The ‘knowledge-first’ versus the ‘knowledge through research’ perspective may represent a reflection of the academics’ conceptions of teaching, with the more positivist colleagues requiring the students to be given the facts in advance and the more constructivist teachers allowing for the understanding to emerge. Alternatively, it may reflect the academics’ primary interests: either promoting their own research at an individual level (Fig. 17.1) with the students seen as only useful if they help to uncover that which is totally unknown, against a view in which the ‘collective good’ is seen as more important through the development of a research-embedded curriculum that has a much longer-term aim.

Purpose of Research

Maton (2013, p. 8) describes a widespread assumption that the goal of university education is to equip students with understanding that transcends the immediate context of the teaching when he states that ‘Almost everyone in education shares a desire for cumulative knowledge-building. Researchers typically aim to generate ideas that have utility or appeal beyond the specificities of their originating contexts’. This view is complemented by policymakers proclaiming that education must prepare students for living and working in fast-changing societies by providing knowledge and skills that can build throughout ‘lifelong learning’. However, for academics to be able to take a wider perspective of their own focussed research is quite difficult for many—particularly where they may feel that their research field is so cutting-edge that it may not yet have clear application.

While there was an emerging feeling throughout many of the interviews that teaching is for the good of someone else, research was seen by some as a vehicle for their own professional development. Cleary (2013, p. 21) quotes an academic who stated, ‘To do research well I think you have got to be incredibly selfish … the motivational drive for any researcher has to be themselves … ultimately it’s their own progression up the research hierarchy (that motivates them) … that doesn’t necessarily come across in teaching, where the rewards don’t come from their progression, but from the progression of others’.

Conclusion

Engaging students as researchers brings unique insights into how both students and academics consider research in relation to the curriculum. There was a noted dichotomy of teaching as a collective endeavour, both amongst academics and for a group of students, contrasted with the individualism of research, for the academic toiling away and for a student to understand. Students-as-researchers offer a way for students to be empowered in the research process, but are largely divorced from disciplinary research. Reconceptualising research-teaching links as ‘research as pedagogy’ may offer a bridge to bring academics and students together in the context of disciplinary learning. This view also brings together the individualistic side of research with the collectivist view of teaching. Repositioning the curriculum as a place for staff and students to co-construct ‘disciplinary learning’ and place it at the centre of the academic endeavour can be the foundation for an ethos of research-led student engagement.

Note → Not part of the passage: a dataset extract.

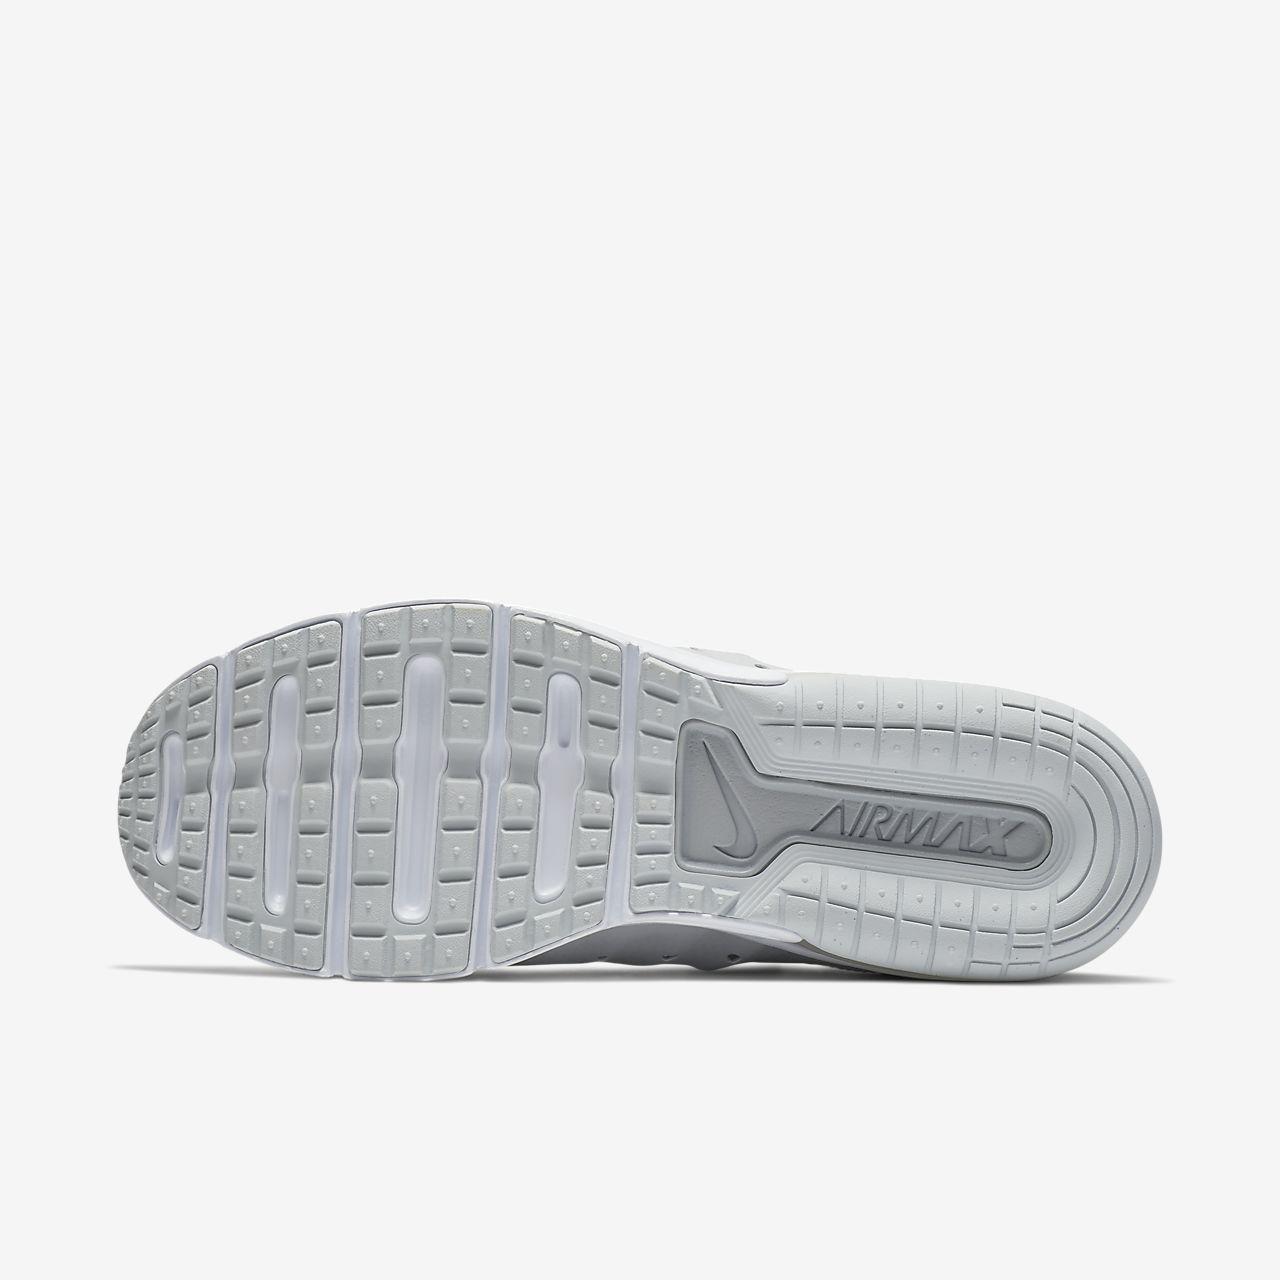 reputable site e7555 a6a2b ... Nike Air Max Sequent 3 Kadın Ayakkabısı

From the reports constructed by the students, it is clear that they are not only reporting on the research-teaching nexus as described by the academics in their institution, but they are also developing their own voice(s). The freedom afforded by the research activity allowed them to reflect upon their data and interpret it from their own contextual starting point and showcases the heterogeneity of multiple student voices. As this group of students had a more formalised and coherent view of the range of opinions and perceptions about the research-teaching nexus across their disciplinary areas, their voices were supported by evidence and so gained authority. This then challenges notions of power and of powerful knowledge and confers an element of expertise to, and value of student voices (Kinchin, 2016).